There is also a concern about FDI and economies of scale. The following is a plot of the relationship between FDI and size of the economy in the sample.
Without careful attention to normalization, China is a clear x-y outlier.
Motivating the Model
Suppose there is some unobserved continuous variable, call it \(y^{*}\) that measures the willingness/utility to be derived from tax incentives to FDI. Unfortunately, this latent quantity is unobservable; we instead observe how many incentives are offered and posit that the number of incentives is a manifestation of increasing utility with unknown points of separation – cutpoints – that separate these latent utilities into a mutually exclusive and exhaustive partition. In a simplified example, consider this.
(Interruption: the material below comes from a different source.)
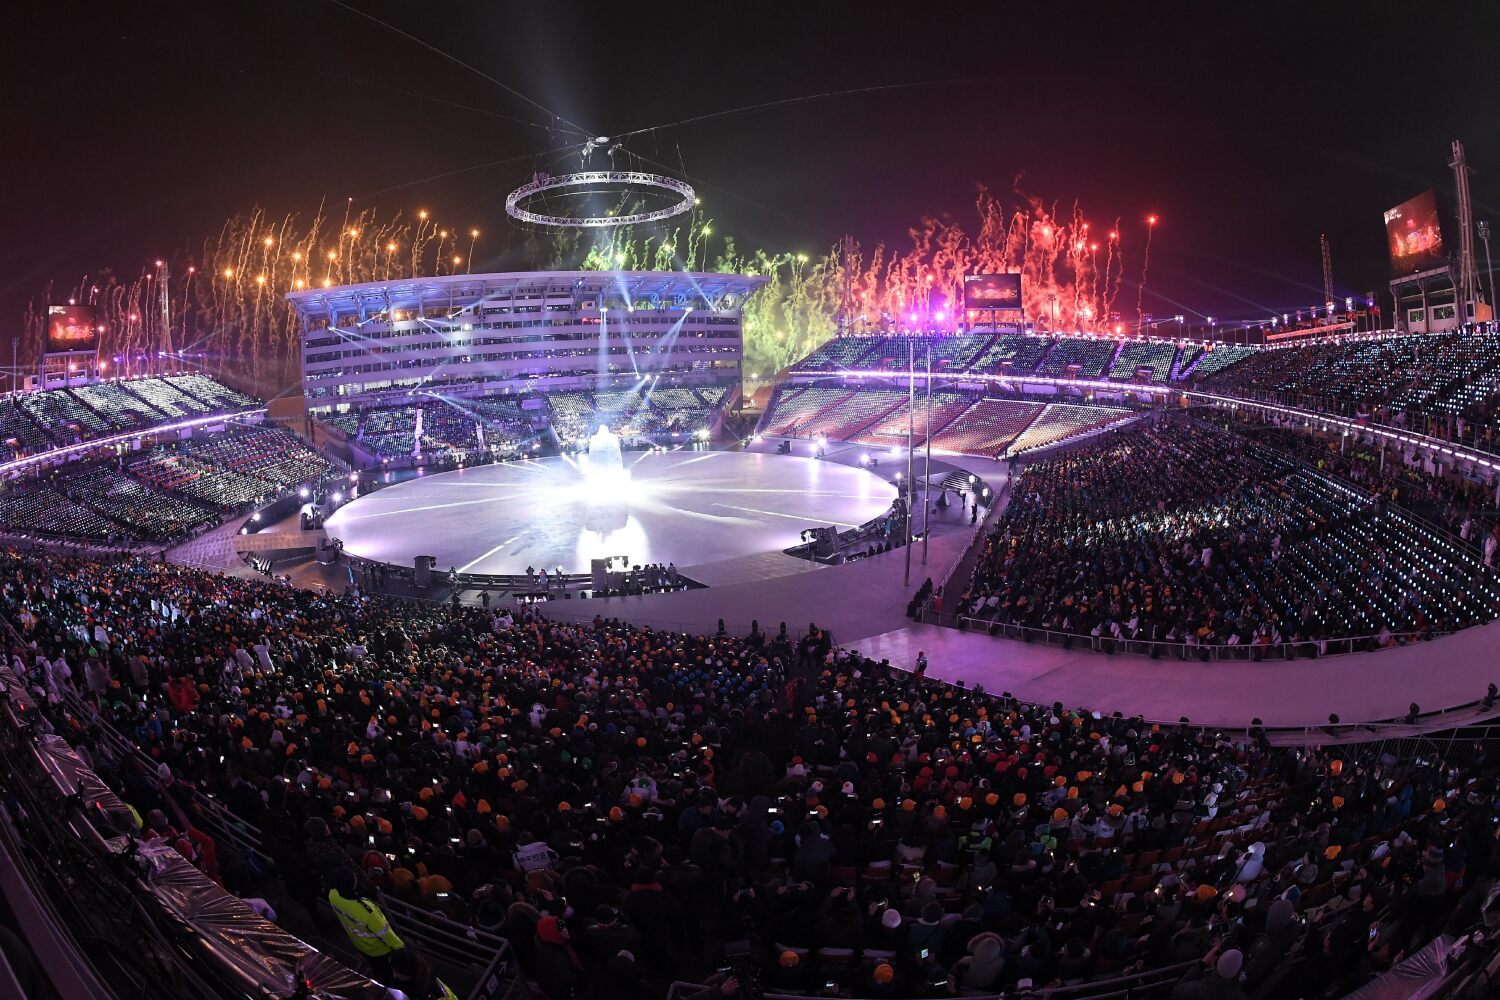 평창 겨울올림픽 개최
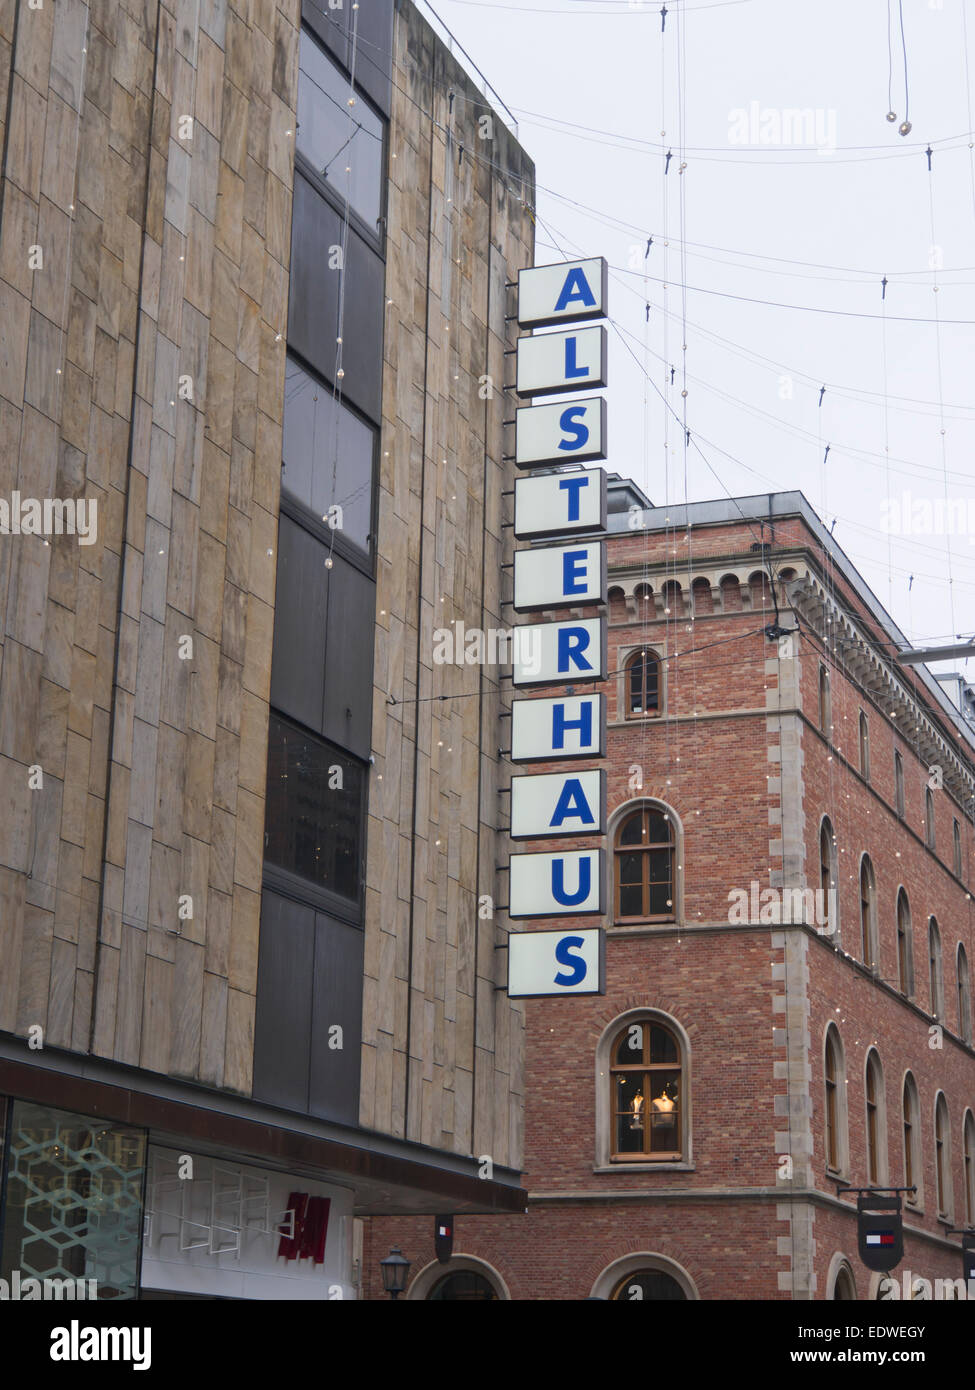 Alsterhaus, centre commercial dans le centre de Hambourg en Allemagne, vue partielle de façade Banque D'Images

So anything below -3 is zero incentives; anything between -3 and -2 is one incentive, … , and anything above 4 should be all six incentives. What we have is a regression problem but the outcome is unobserved and takes the form of a logistic random variable. Indeed, one could write the equation as:
\[y^{*} = X\beta + \epsilon\] where \(\epsilon\) is assumed to have a logistic distribution but this is otherwise just a linear regression. Indeed, the direct interpretation of the slopes is the effect of a one-unit change in X on that logistic random variable.
What to Replicate
The table of estimates is presented in the paper; I will copy it here.
I will choose two of a few models estimated in the paper. First, let us have a look at Model 1.
Call:
polr(formula = generositygF ~ law00log + transition, data = Li.Data)
Coefficients:
Value Std. Error t value
law00log -0.6192 0.4756 -1.3019
transition -0.5161 0.7126 -0.7243
Intercepts:
Value Std. Error t value
0|1 -1.3617 0.3768 -3.6144
1|2 -0.4888 0.3323 -1.4707
2|3 1.1785 0.3668 3.2133
3|4 2.3771 0.5361 4.4339
4|5 3.1160 0.7325 4.2541
5|6 3.8252 1.0183 3.7565
Residual Deviance: 164.3701
AIC: 180.3701
We can read these by stars. There is nothing that is clearly different from zero as a slope or 1 as an odds-ratio. The authors deploy a common strategy for adjusting standard errors that, in this case, is necessary to find a relationship with statistical confidence. That’s a diversion. To the story. In general, the sign of the rule of law indicator is negative, so as rule of law increases, incentives decrease though we cannot rule out no effect. Transitions also have a negative sign; regime changes have no clear influence on incentives. There is additional information that is commonly given short-shrift. What do the cutpoints separating the categories imply? Let’s think this through recongizing that the estimates have an underlying t/normal distribution. 4|5 is within one standard error of both 3|4 and 5|6. The model cannot really tell these values apart. Things do improve in the lower part of the scale but we should note that this is where the vast majority of the data are actually observed.
Odds Ratios
Next, I will turn the estimates into odds-ratios by exponentiating the estimates.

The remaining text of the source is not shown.